(This is a follow up to the Jargon Buster about Liability Driven Investment (LDI) strategies in the October edition of Tricio Monthly Insights. Please contact us at firstname.lastname@example.org for a complimentary copy.)
Richard Feynman, the Nobel Prize winning physicist, used to say that knowing the name of something is different from knowing something. It certainly applies to liability driven investment (LDI) strategies. Like many investment tools and techniques, there are both pros and cons in applying LDI in portfolio management. Something may work under certain market conditions, but then become highly damaging when these conditions change – especially in a manner not experienced before and not foreseen.

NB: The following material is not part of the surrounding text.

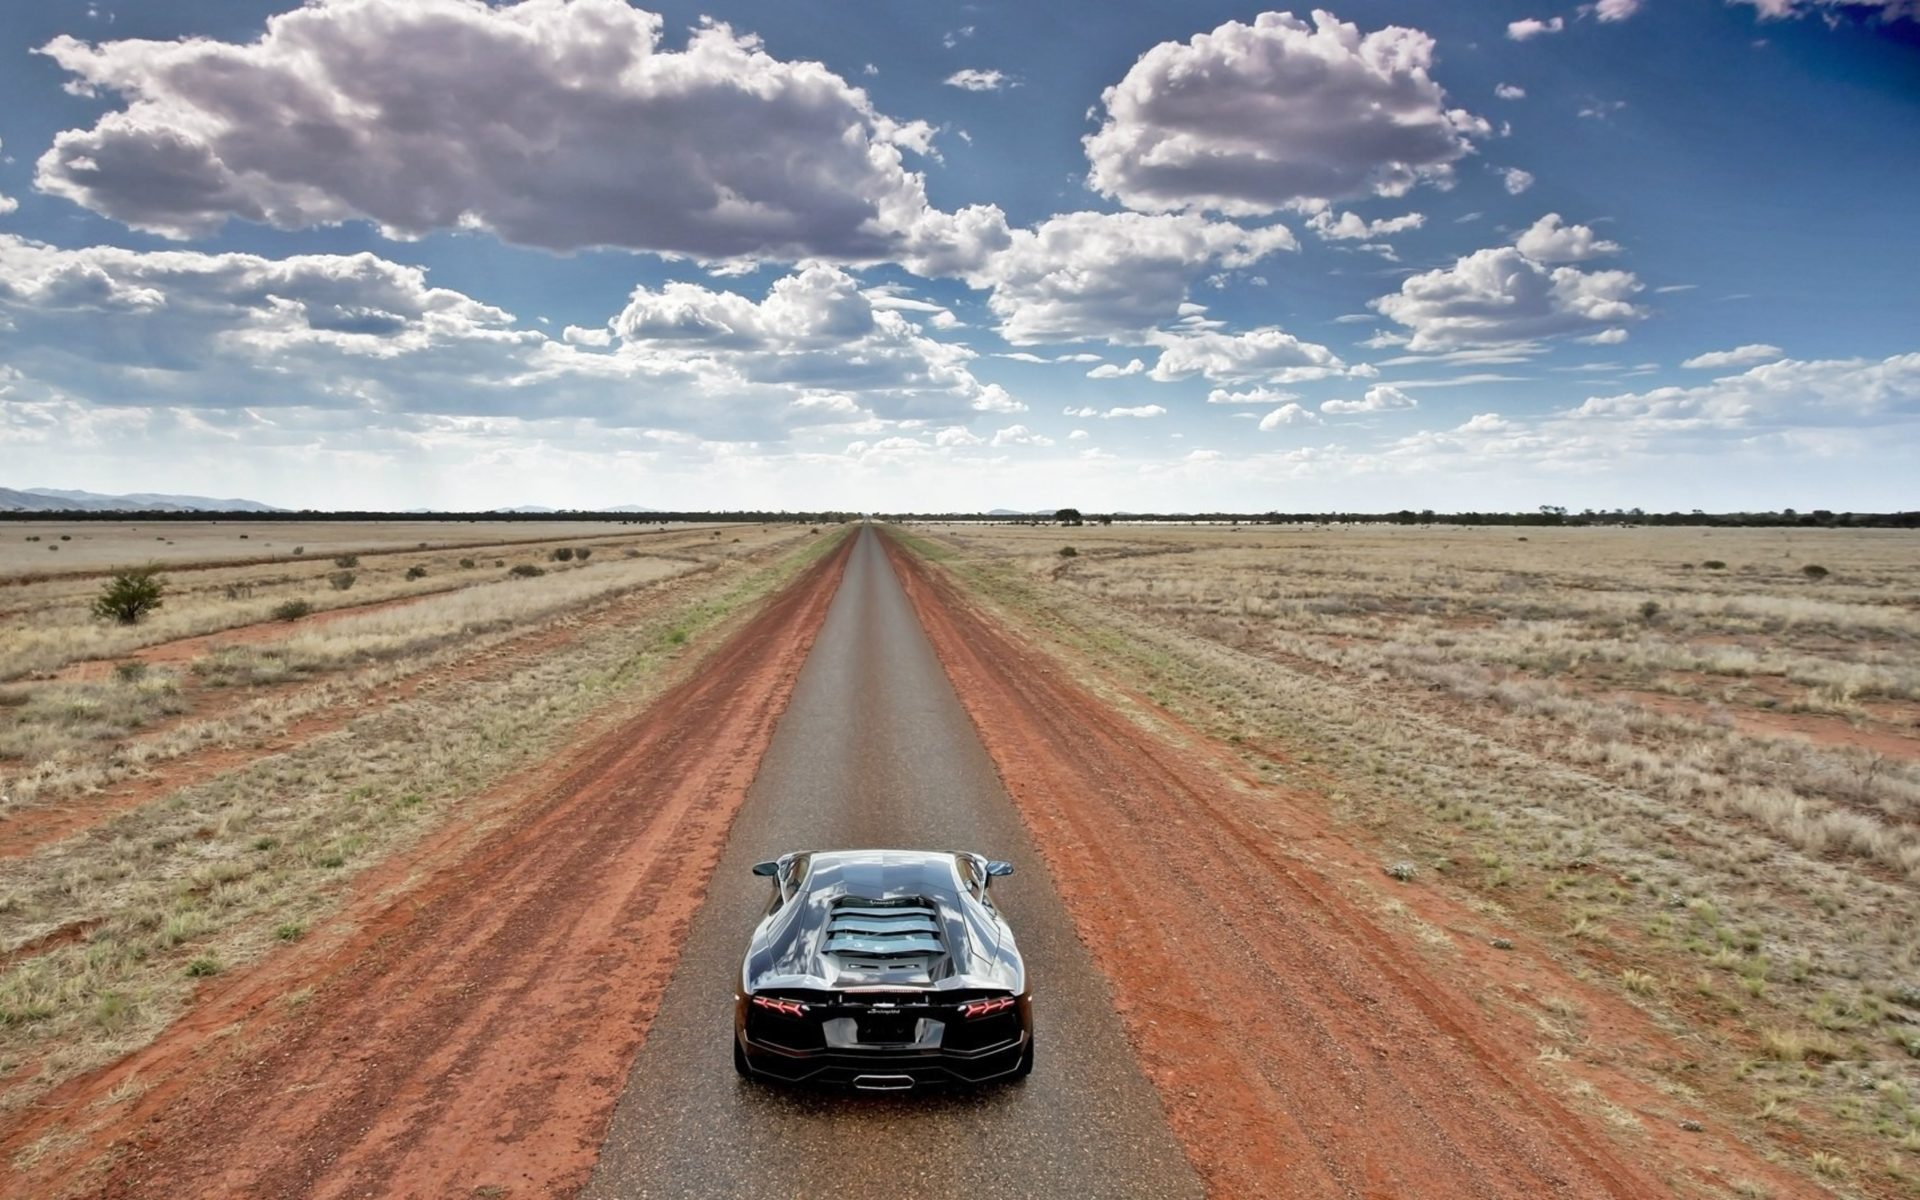 Wallpaper Ferrari Iphone 5 Lamborghini Aventador On Empty Country Road Wide

The gilt crisis brought LDI to the spotlight. Many commentators, experts and well-known fund managers analysed what went wrong. The CEO of Next plc described LDI as a time-bomb due to the leverage involved. And the often opinionated Terry Smith, chief executive of Fundsmith LLP, wrote in the Financial Times that pension schemes should have put more focus on return rather than the pension deficit (or the funding gap).
Both views have merits, even though there is some hindsight involved. What if the next pensions blow up is illiquid but high growth assets? There are reasons, rightly or wrongly, that pension trustees generally do not like uncertainty. Maybe the focus on the funding gap by accountants just supports the trustees’ fear about uncertainty.
But fear often leads to wrong decisions. Terry Smith thinks that pension portfolios should be focusing on long term growth. I will argue that the fear led to trustees thinking of LDI as a risk elimination tool. Sadly, that is not the case.
As pointed out in the October Jargon Buster, when a defined benefits pension scheme decides to run a deficit and underfunds, it is taking a risk. It is a risk as the scheme has now deviated from the set up that ensures future liabilities will be paid (using government bonds like gilts).
That risk may not be high. It depends on the size of the funding gap or deficit. Accountants draw the trustee’s attention to this deficit every year. Some trustees may think like Terry Smith and decide to manage the risk of missing future liabilities by allocating to risky assets with (potentially) higher long-term growth. They have now turned the risk in not meeting future liabilities to investment risk, as the success will be based on the risky assets selected, how well they perform over the long run, and (crucially) the skills of the manager who makes the selection and allocation. You manage that pension deficit risk by turning it into an investment risk that can be managed by yourself or another investment professional.
But many trustees do not think like Terry Smith. Their priority is to maximise the chance of meeting future liabilities by making sure the funding gap does not rise, which happened when bond yield kept going lower and lower through central banks’ quantitative easing. When experts and banks came in and presented LDI as a way to hedge this deficit, the strategy looked very appealing.
In any hedging, you rely on another instrument or tool that provides you with the required payout in managing the risk. In LDI, the payout is achieved through a synthetic long position in gilts. This synthetic position can be created by taking out a loan to buy gilts, borrowing gilts (so-called repo arrangements) or through interest rate swaps. These are leveraged as a loan is involved, where the pension scheme pays interests which is often linked to short-dated interest rates. And a loan is needed because the pension scheme does not have enough money to buy the actual gilts.
So what the pension scheme has done is to change the risk of not meeting future liabilities over the long term to another form of financial risk: impact of interest rate movements on the loan. Again, the risk in not meeting the liability is transformed to something that looks manageable. The trustee may think the liability risk of the pension has been ‘hedged’. Instead, LDI transforms that risk to risk on the loan interest (which was going up this year) and also on the price of the underlying instruments, gilts, that are also used as collateral to support margin calls.
Ultimately, we probably should admit that we are terrible in pricing risks that occur way into the future, like whether the current assets held in a defined benefits pension can meet future liabilities. That risk may not be as high as we think, especially since some risky assets like equities have demonstrated historically that they can deliver good returns over a long term.